Human Weapon  is a television show on The History Channel that premiered on July 20, 2007. The hosts, Jason Chambers and Bill Duff, traveled around the world studying the unique martial arts, or styles of fighting, that have origins in the region.

Each episode usually consisted of a brief introduction regarding the featured martial art, including footage of established fighters sparring. The hosts would then travel to various locations, learning several strikes, blocks, or other techniques valuable to the particular art from various instructors and/or masters. Along the way, they learned about the origins and cultural history of each fighting style.  To help the viewer understand the moves the hosts learn, each technique was visually broken down with a motion capture element.
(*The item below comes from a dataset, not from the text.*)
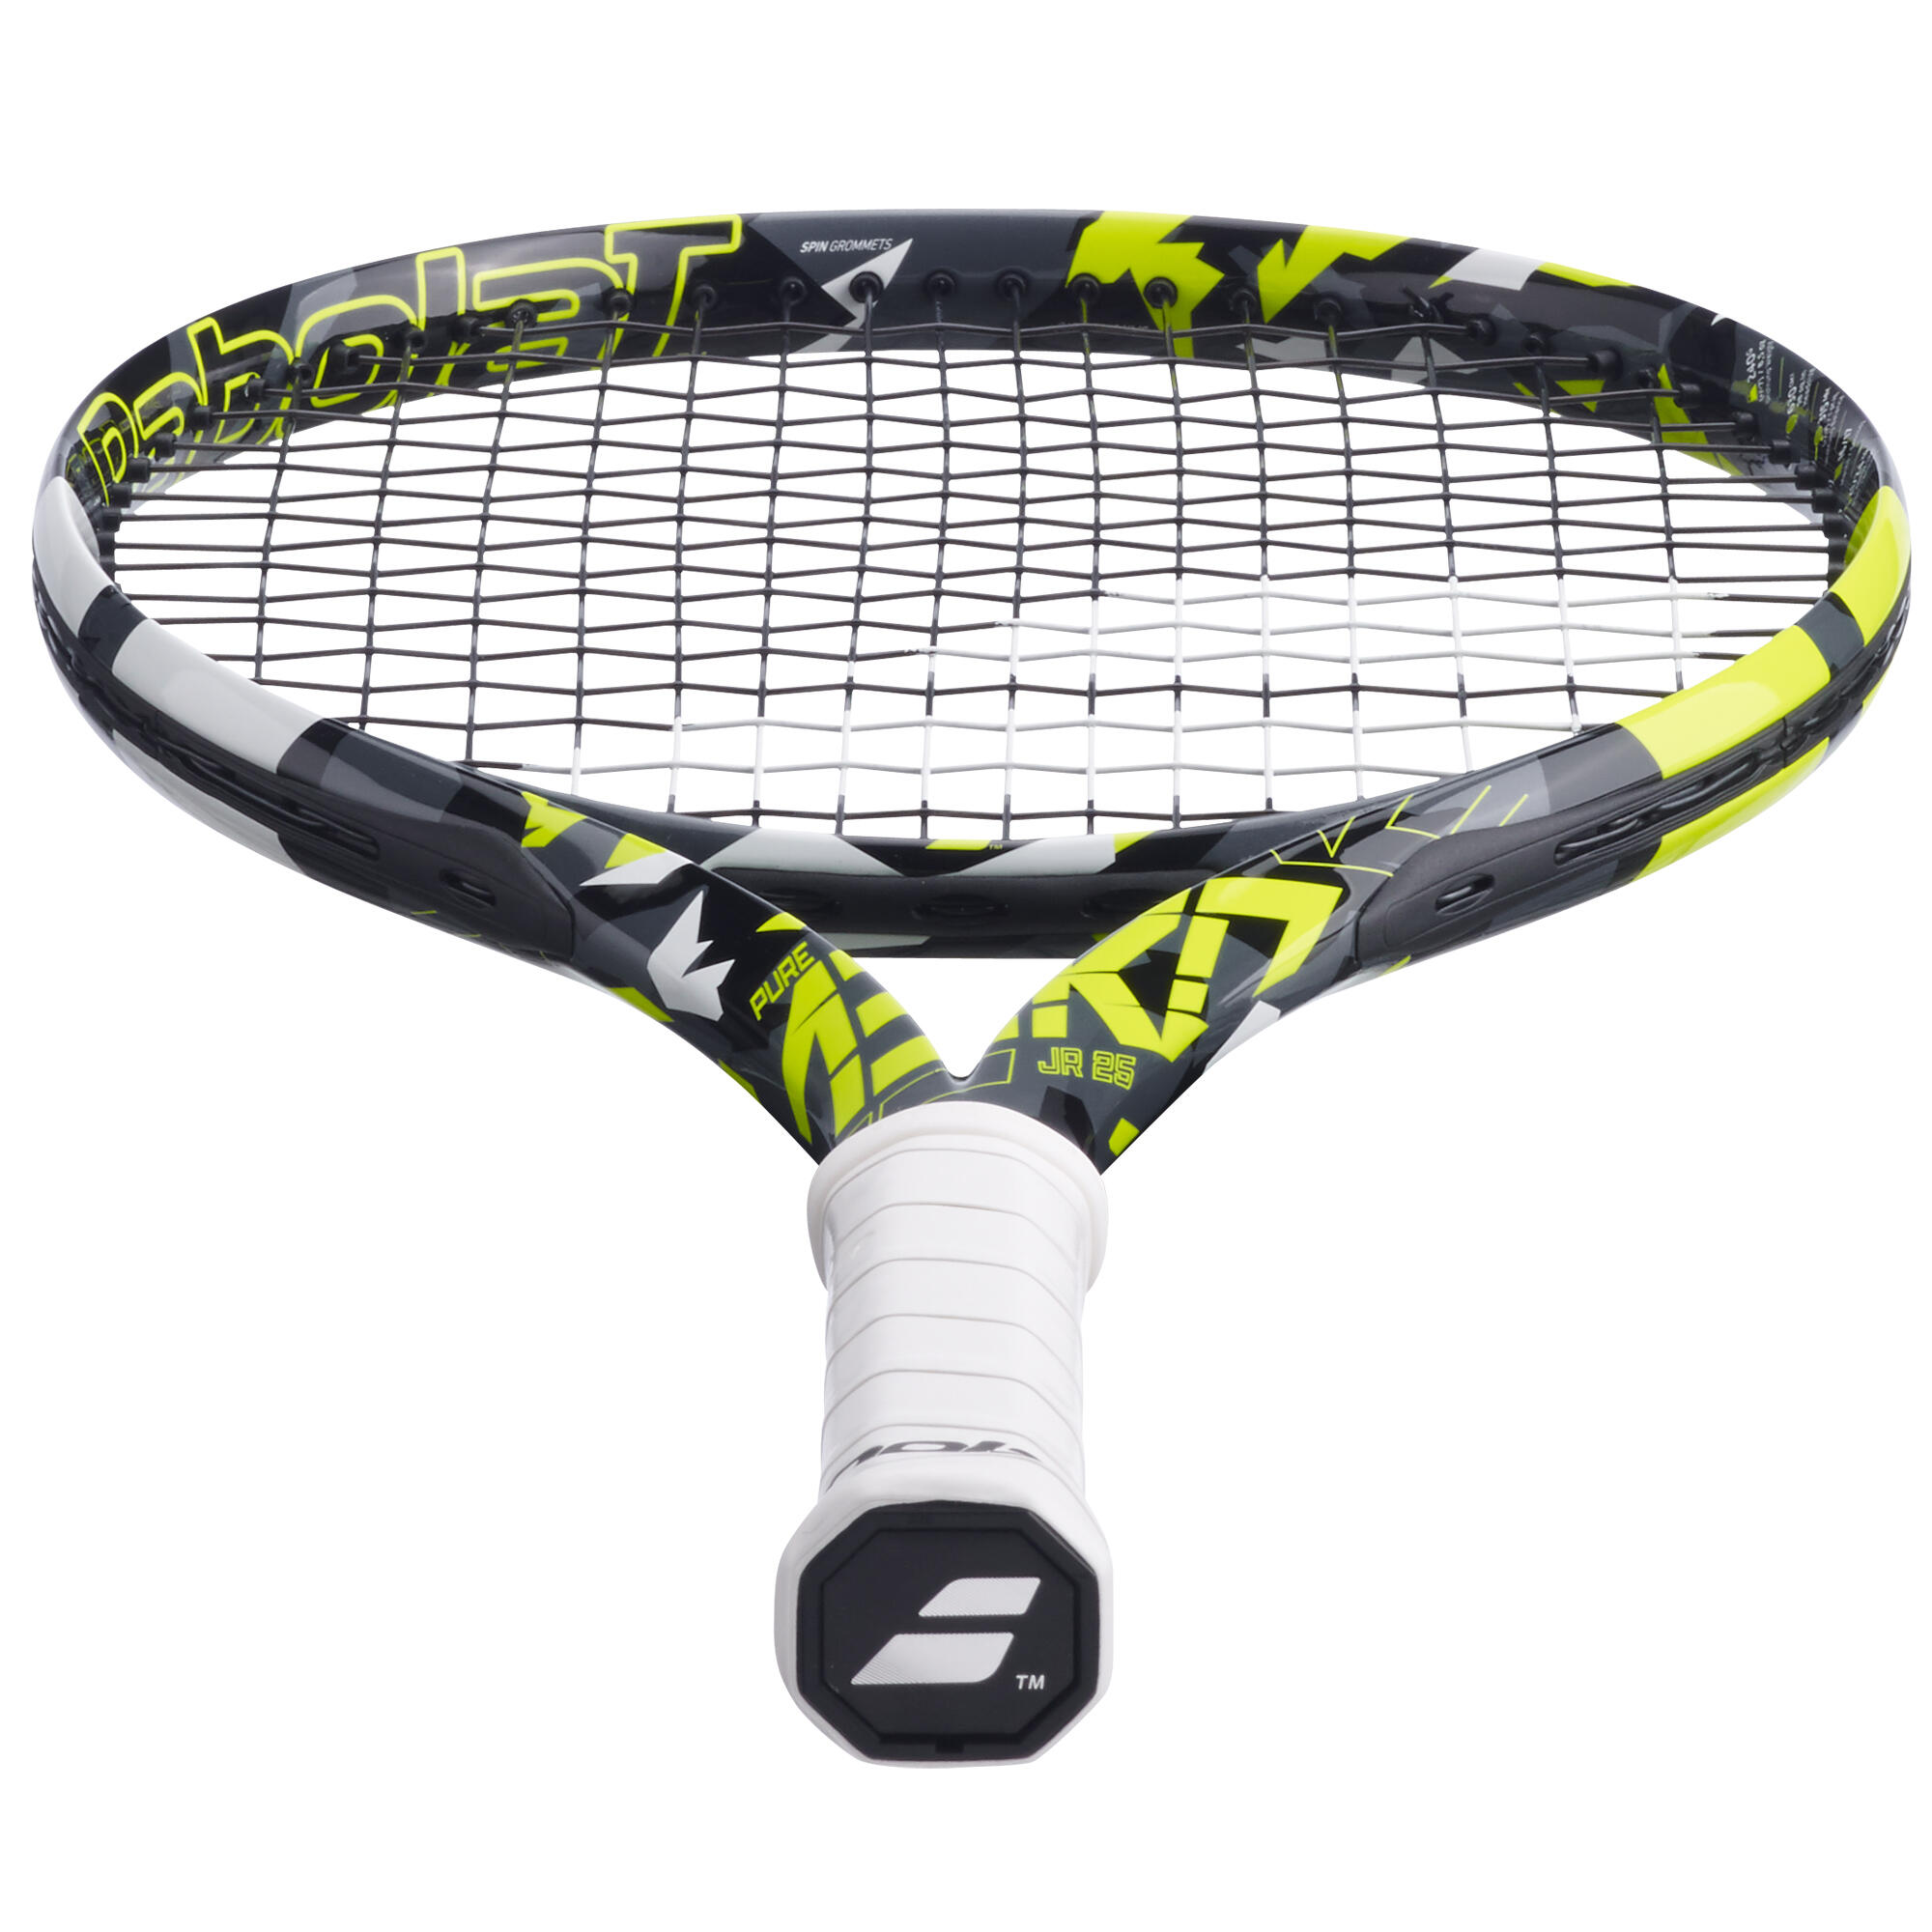 Pure Aero 25 Kids' Tennis Racket - Black/Yellow 5/7

Creator Terry Bullman also acted as stuntman for motion capture. After practicing featured aspects of the art, the hosts typically assessed the various skills and their effectiveness. At the end of each episode, one of the hosts would fight a representative of the episode's fighting style.

The show is similar to a later program called "Fight Quest". Lucie Bertaud also had a similar show called Face a Face which was done in France.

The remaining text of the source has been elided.